I am currently in planning stage with an architect toward development of a double shop front I purchased recently (unencumbered if that is relevant) .
We have to decide if and what we put upstairs, as downstairs will be used as my business premises (currently renting down the way).
My preferred model is two residential apartments, as local agents tell me that office space is difficult to let in the area.
Needing to do the sums involved, I am exploring all modes of financing the project.
Would somenone please be able to tell me whether bank bills are a feasible instrument for financing such a venture anytime +/or in the current environment.

Thanks

lazza
 
Curious where you heard this from? Can you explain how this would work? You are issuing bills or debt guaranteed by the bank?? Even blue chip corporates are struggling to raise debt, I doubt you would be able to tap the CP market (no offence to your development). Bank bills in retail usually refers to investment, not lending. Perhaps theres a new product out there??
 
I may well have this all upside down, asdf, but I am sure I remember an acquaintance funding a farm purchase some years ago via bank bills and telling me I was mad if I didn't avail myself of them if I ever purchased investment property.

Then recently whilst doing my homework for this development, I came across the following on the Westpac business lending website:

Bank Bills

Bank bills cover your short- or long-term financial needs, and offer flexible repayment options. Access finance priced at Westpac's bill rate to meet all your fiscal requirements, including seasonal funding, new business acquisition, capital investment and refinance.

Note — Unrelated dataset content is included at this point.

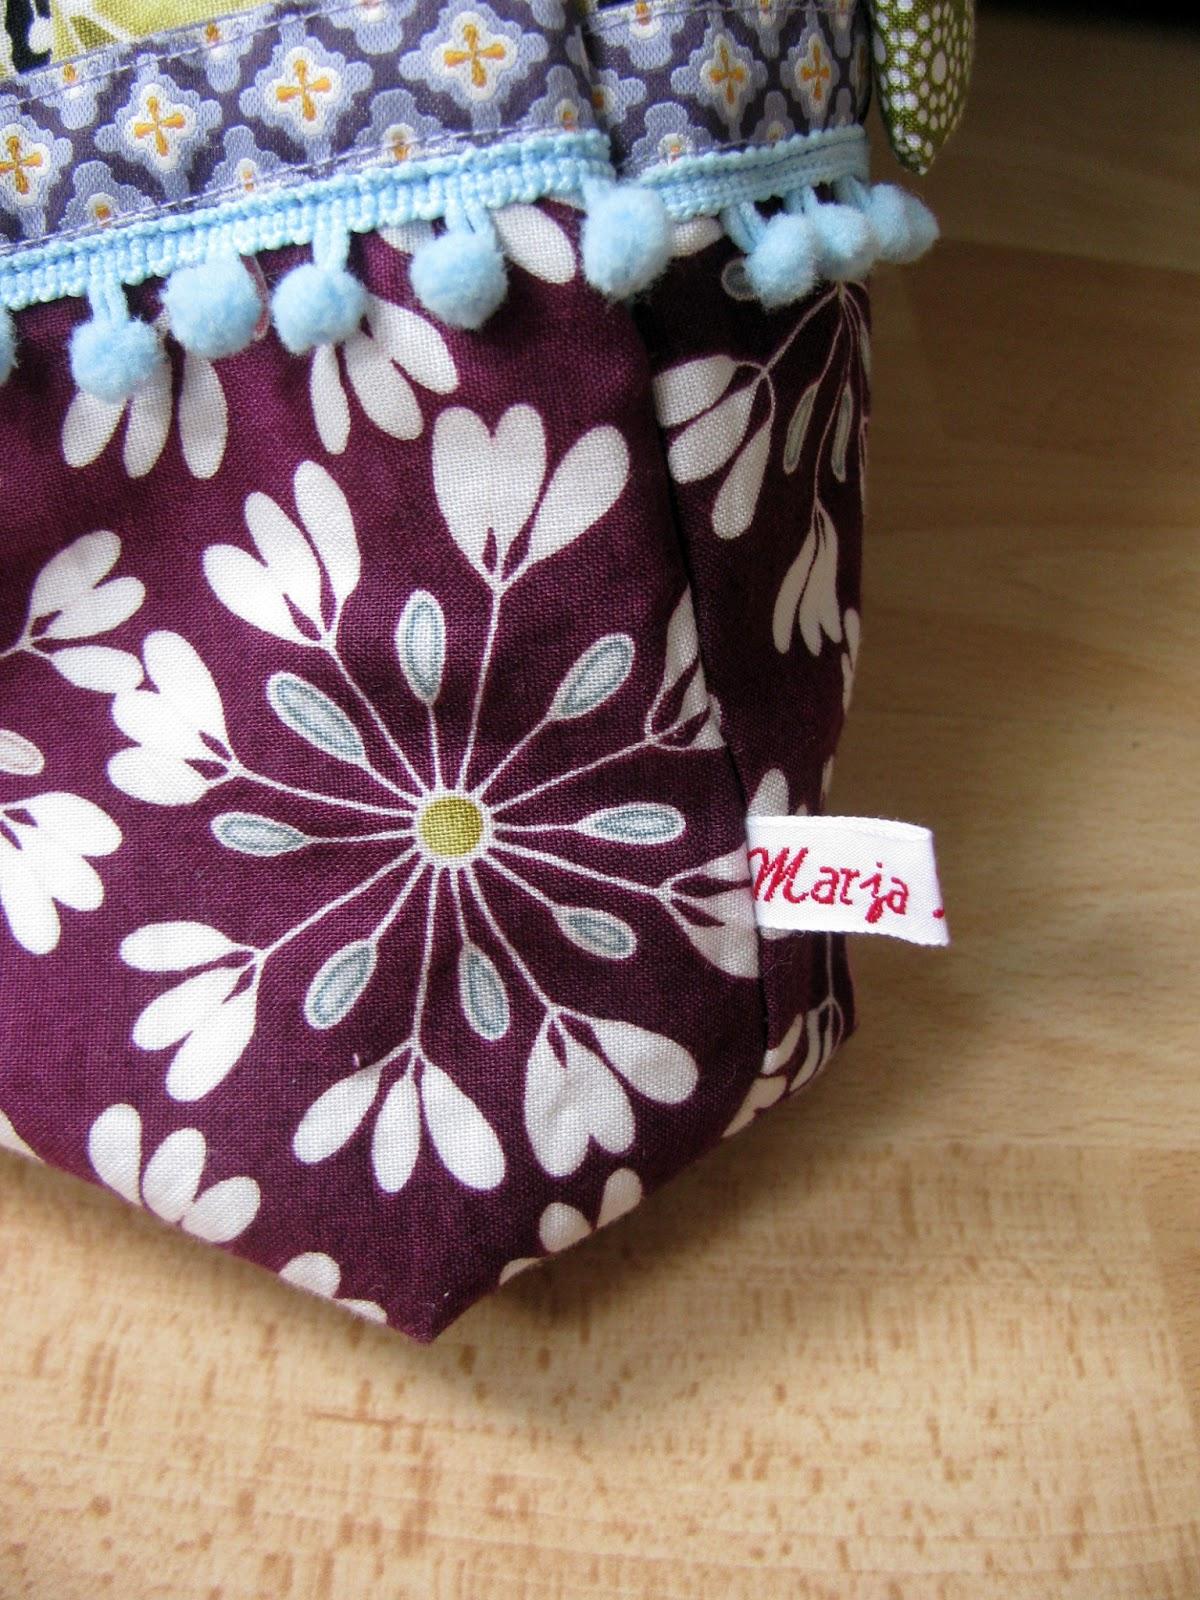 Webband und Bommelborte als Verzierung an Tasche

The Westpac bill rate is a variable rate determined by the bank. It is determined by a range of factors including, current market bank bill rates and the amount and tenor of the bank bill you select. You can protect interest rate exposure through a wide range of risk management products.

Optional redraw and progressive drawdown facilities are also available (applies only to variable interest rate).



Key features and benefits

Minimum and maximum amounts
Minimum Limit: $250,000
Maximum Limit: Nil.

Minimum and maximum terms
Bill tenors: 30 to 180 days
Facility terms: Up to 10 years.

Flexible repayment options
Interest only in advance (fixed rate loans only)
Interest only
Principal and interest
Can be monthly, quarterly, half yearly or annually (principal only).

Security
Residential property
Commercial property (non-specialised)
Business assets/other types of security.

Fees and charges
Line and/or acceptance fees apply
Bill rollover fees apply


Perhaps there is no interest rate advantage to be gained by using them, but I guess I need to ask them about that.
I had presumed that they would be an instrument that would be commonly used by people here.
 
The Westpac bill rate is a variable rate determined by the bank. It is determined by a range of factors including, current market bank bill rates and the amount and tenor of the bank bill you select. You can protect interest rate exposure through a wide range of risk management products.

You're not funding from "actual" bank bills, rather WP would providing a product priced directly off the prevailing BB rate for the term you're after, tweaked based on risk and exposure.